Scottish Court of Session (Outer House)
Business premises – Rent review clause – Valuation – Lease providing for rent by reference to 7% gross annual turnover – Dispute arising between parties as to rental valuation – Arbitrator basing rent review on open market valuation – Whether arbitrator erring in law by failing to refer to 7% gross annual turnover – Appeal allowed
The petitioner was the landlord of premises operated as a public house by the respondent tenant. The lease ran from May 1980 for 99 years and contained a rent provision under which the tenant was to pay to the landlord 7% of the gross annual turnover of the business, subject to a minimum rent of £17,500 pa and a maximum rent of £30,000. A five-yearly rent review provision stated that the landlord or the tenant might at their discretion, by notice in writing, require that the minimum and maximum amounts of rent payable should be determined by an arbitrator if they were not agreed.
In September 2009, the petitioner gave notice of its intention to seek a review of the minimum and maximum amounts of rent payable by the respondent. After failed attempts to reach an agreement, an arbitrator was appointed who rejected the petitioner’s contention that the minimum and maximum figures should be referable to 7% of the annual gross turnover of the business. Instead he had regard to market rents for other public house leases in the area and fixed the levels at +/- 15% of 5% of the annual turnover of the business. He took the view that 5% of turnover was a fair market rent for the ground lease.

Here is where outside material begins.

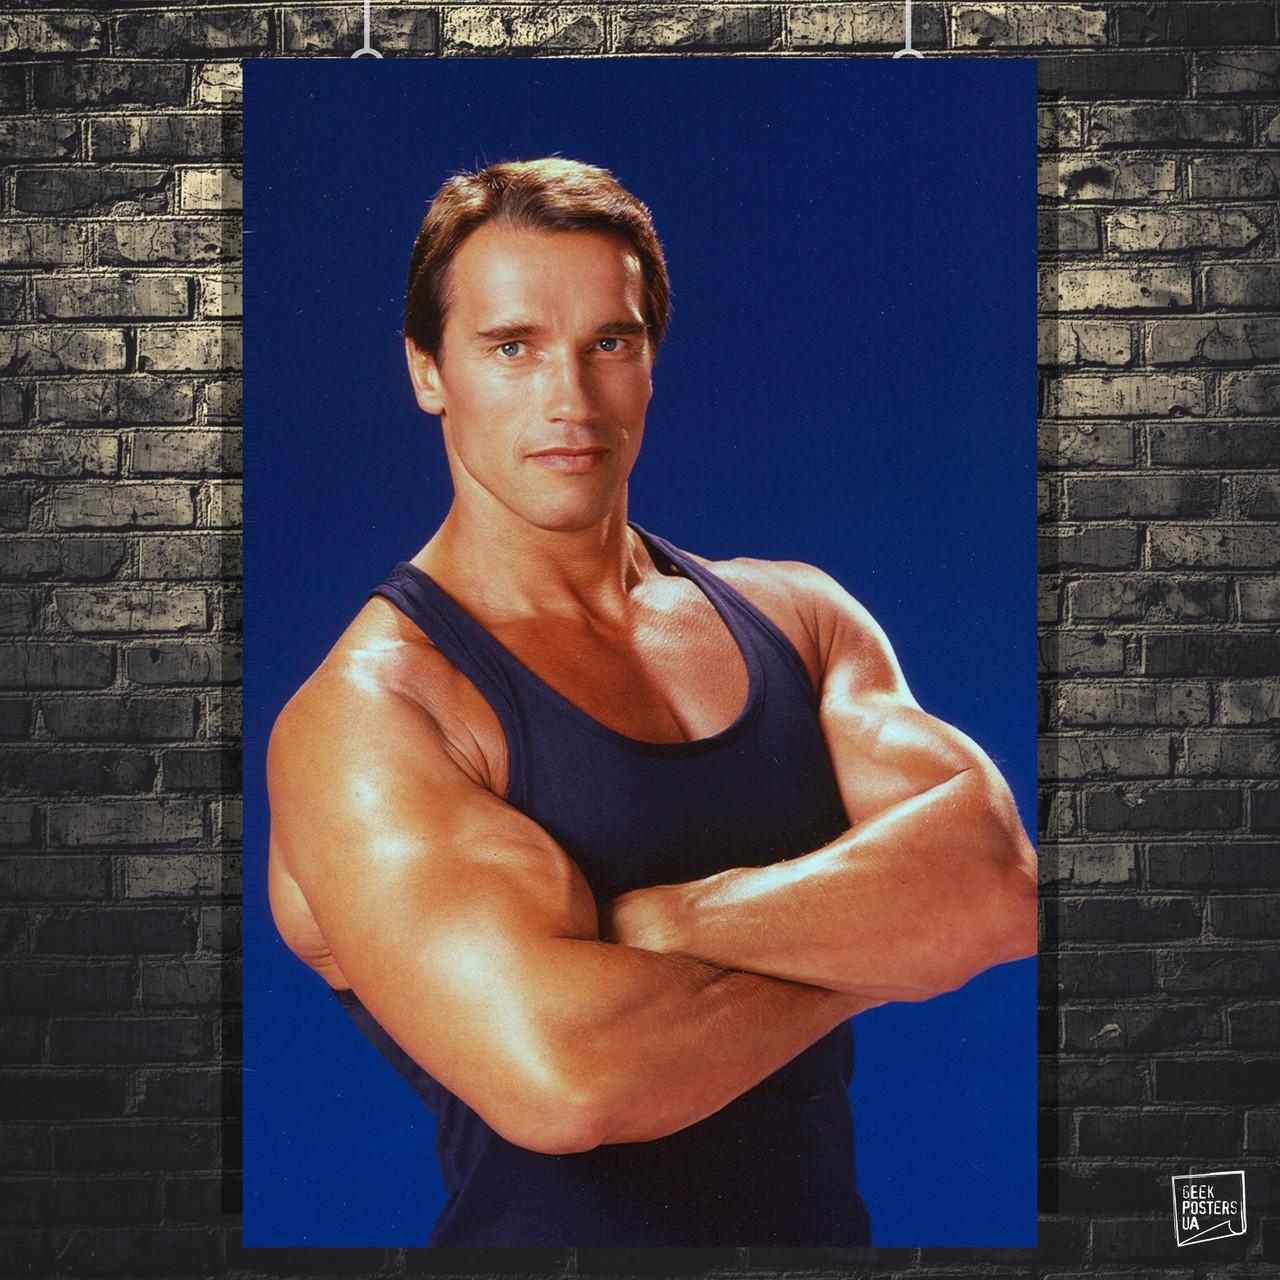 Постер Арнольд Шварценеггер в молодости. Размер 60x42см (A2). Глянцевая бумага

The petitioner brought a legal error appeal under the Arbitration (Scotland) Act 2010 on the basis that the arbitrator had ignored or given insufficient weight to the terms of the rent provisions. It contended that the purpose of a review was to protect the landlord from the effect of an unusually poor period of trading and to safeguard the tenant from an unduly high rent caused by an exceptionally good period of trading; it did not open up the standard rate of rent for a wider reconsideration in accordance with general market conditions.

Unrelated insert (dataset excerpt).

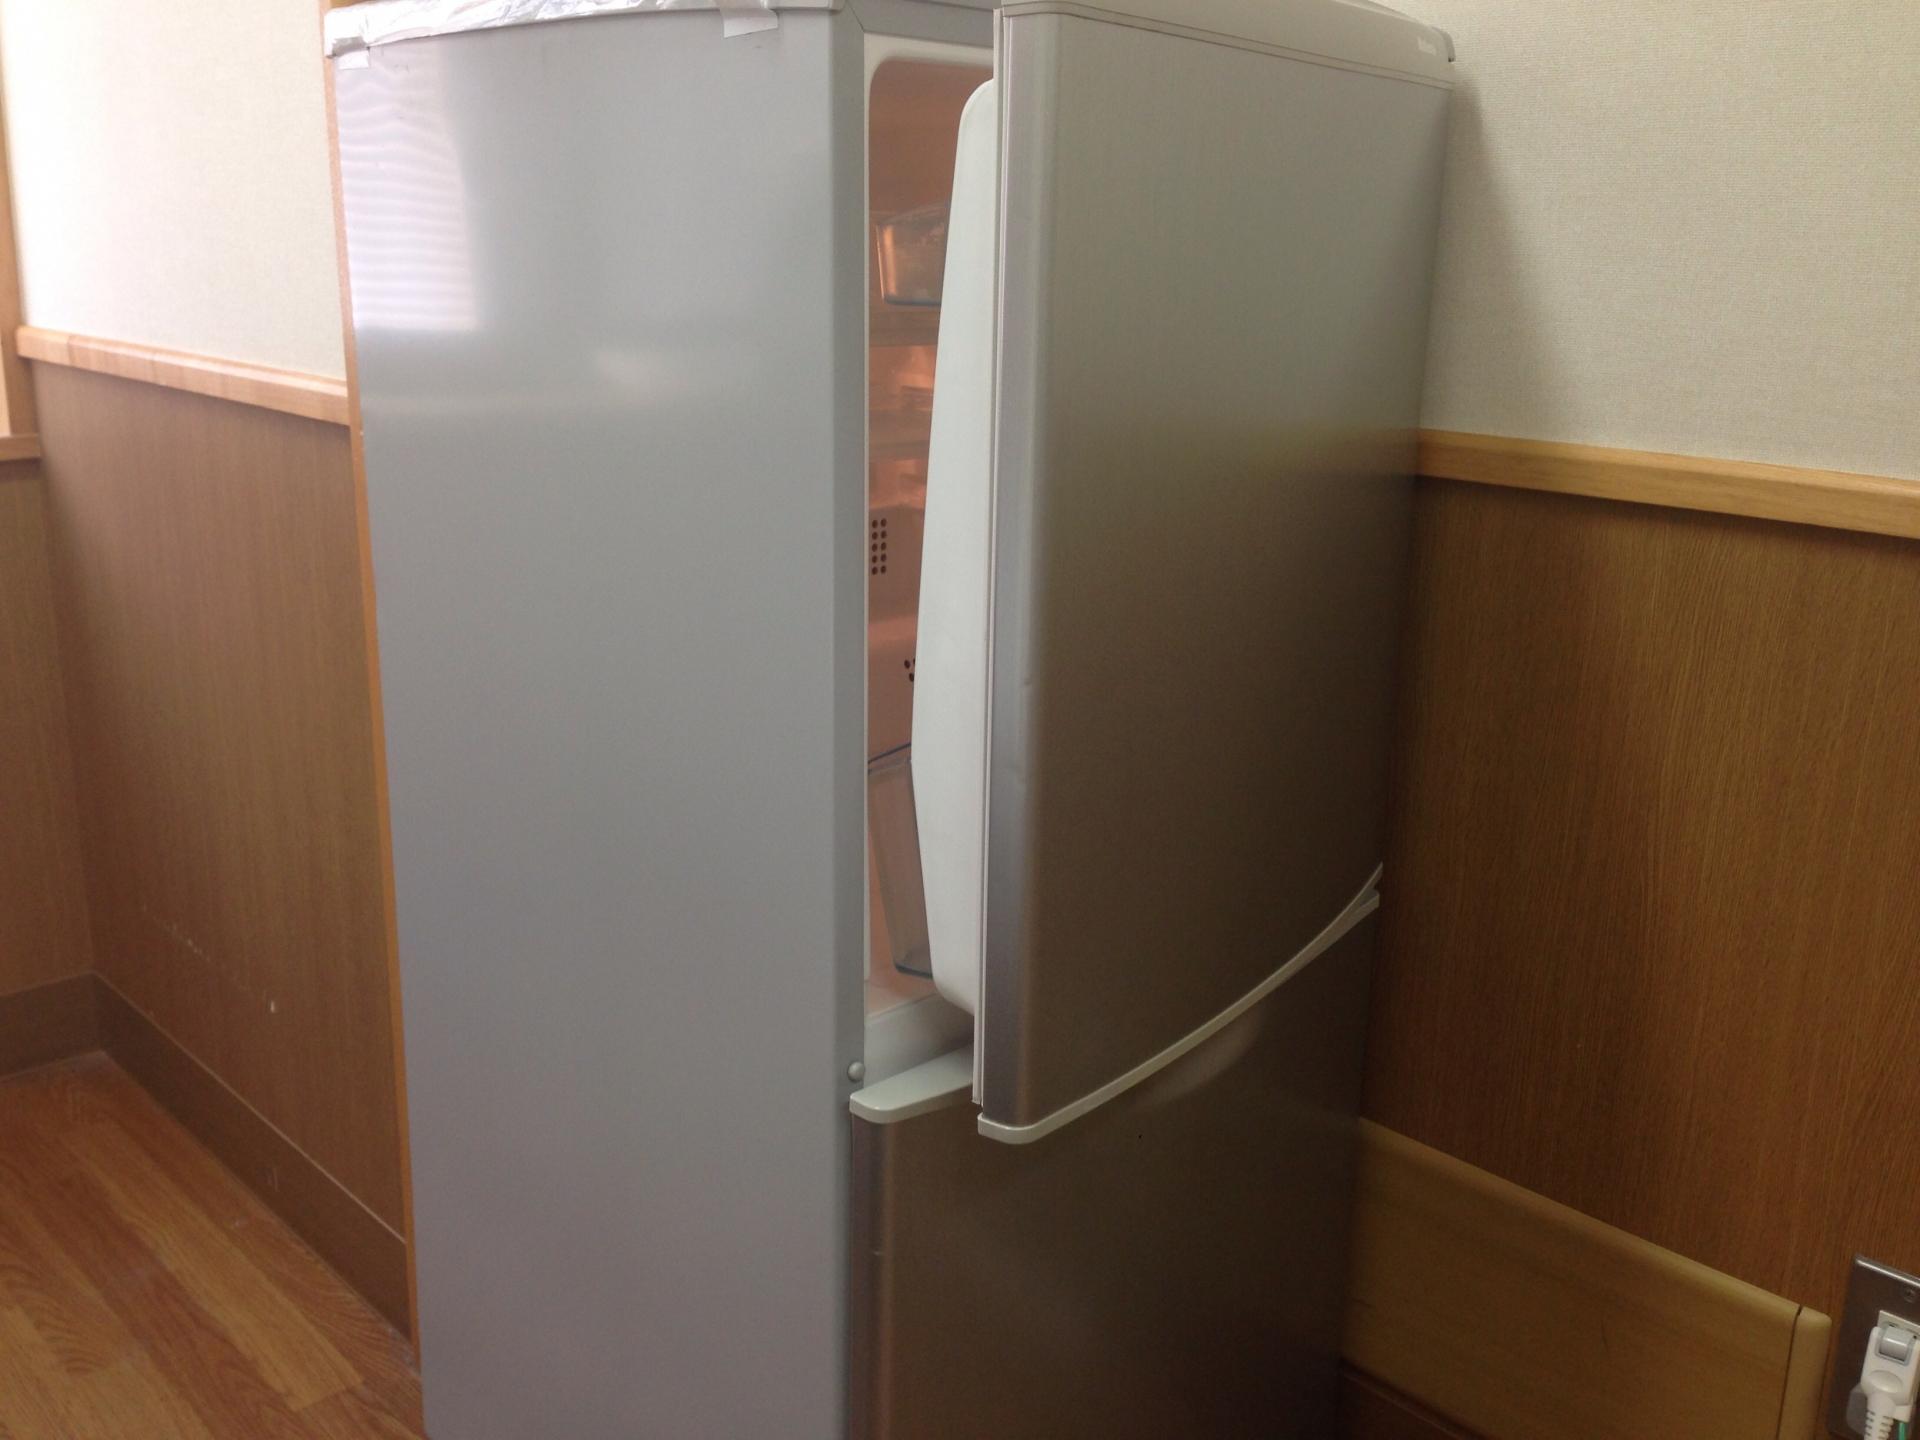 冷蔵庫の温度が下がらない時の解決策!

The respondent argued that the arbitrator had adopted a commercially sound construction by using the market level of rent to achieve the commercial purpose of ensuring that an adequate level of guaranteed income would be achieved so as to make the property a commercially attractive investment.

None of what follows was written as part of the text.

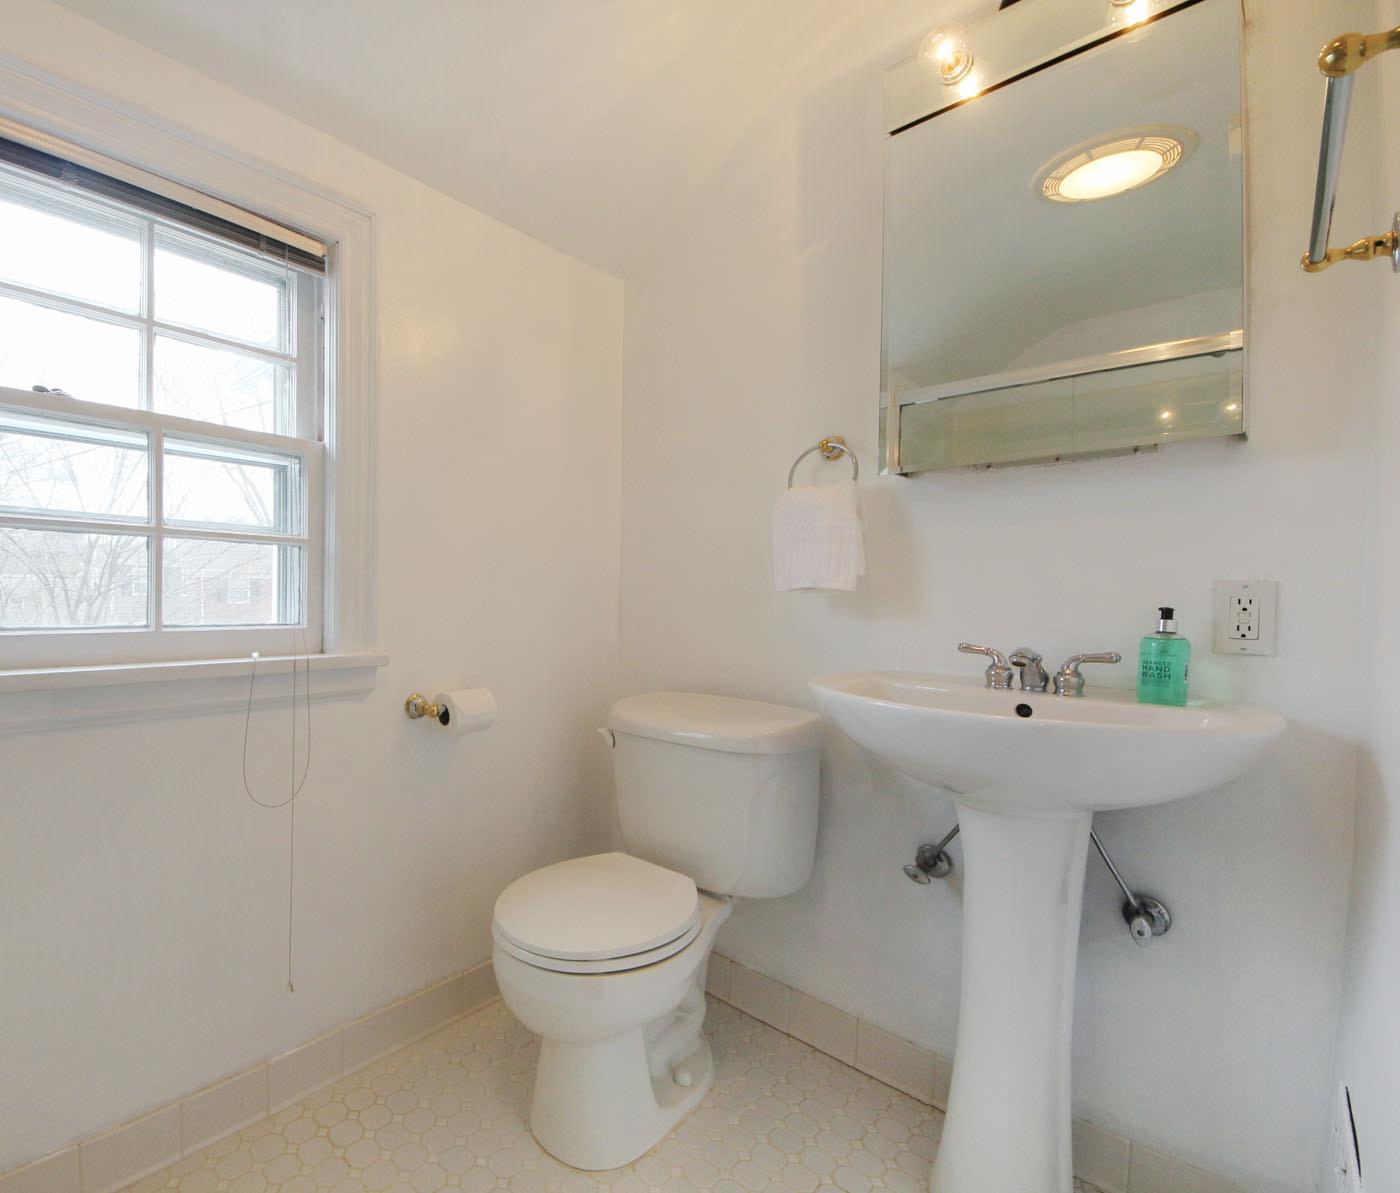 17 Claremont Drive Short Hills Nj 07078 Sold Over List

Held: The appeal was allowed.
(1) The court’s task was to decide whether the arbitrator’s decision amounted to an error in law, in that he failed to follow the intention of the parties as expressed in the lease. In the absence of unusual factors, the arbitrator could not simply ignore 7% of the gross annual turnover when making his determination. He should not proceed solely by reference to rental levels in respect of other properties which were leased on very different rental terms. The arbitrator’s approach did less than justice to the full terms of the rental provisions in the lease. It was not consistent with the original parties’ agreement and the arbitrator had erred by fixing the figures solely by reference to general market conditions.
(2) The arbitrator, as a chartered surveyor with expertise in this area of work, was entitled to exercise his discretion or judgment by considering whether there were any relevant special circumstances relating to the recent gross turnover which had to be taken into account, as well as inflation forecasts and likely trends in the trade, as he was setting the figures for the next five years. The arbitrator also had to decide on the figures themselves, including whether he wished to set the minimum figure in the region of current turnover, or materially below it and determine the maximum figure. If the appropriate reference to 7% of turnover had been adopted, that decision would have fallen within his reasonable discretion.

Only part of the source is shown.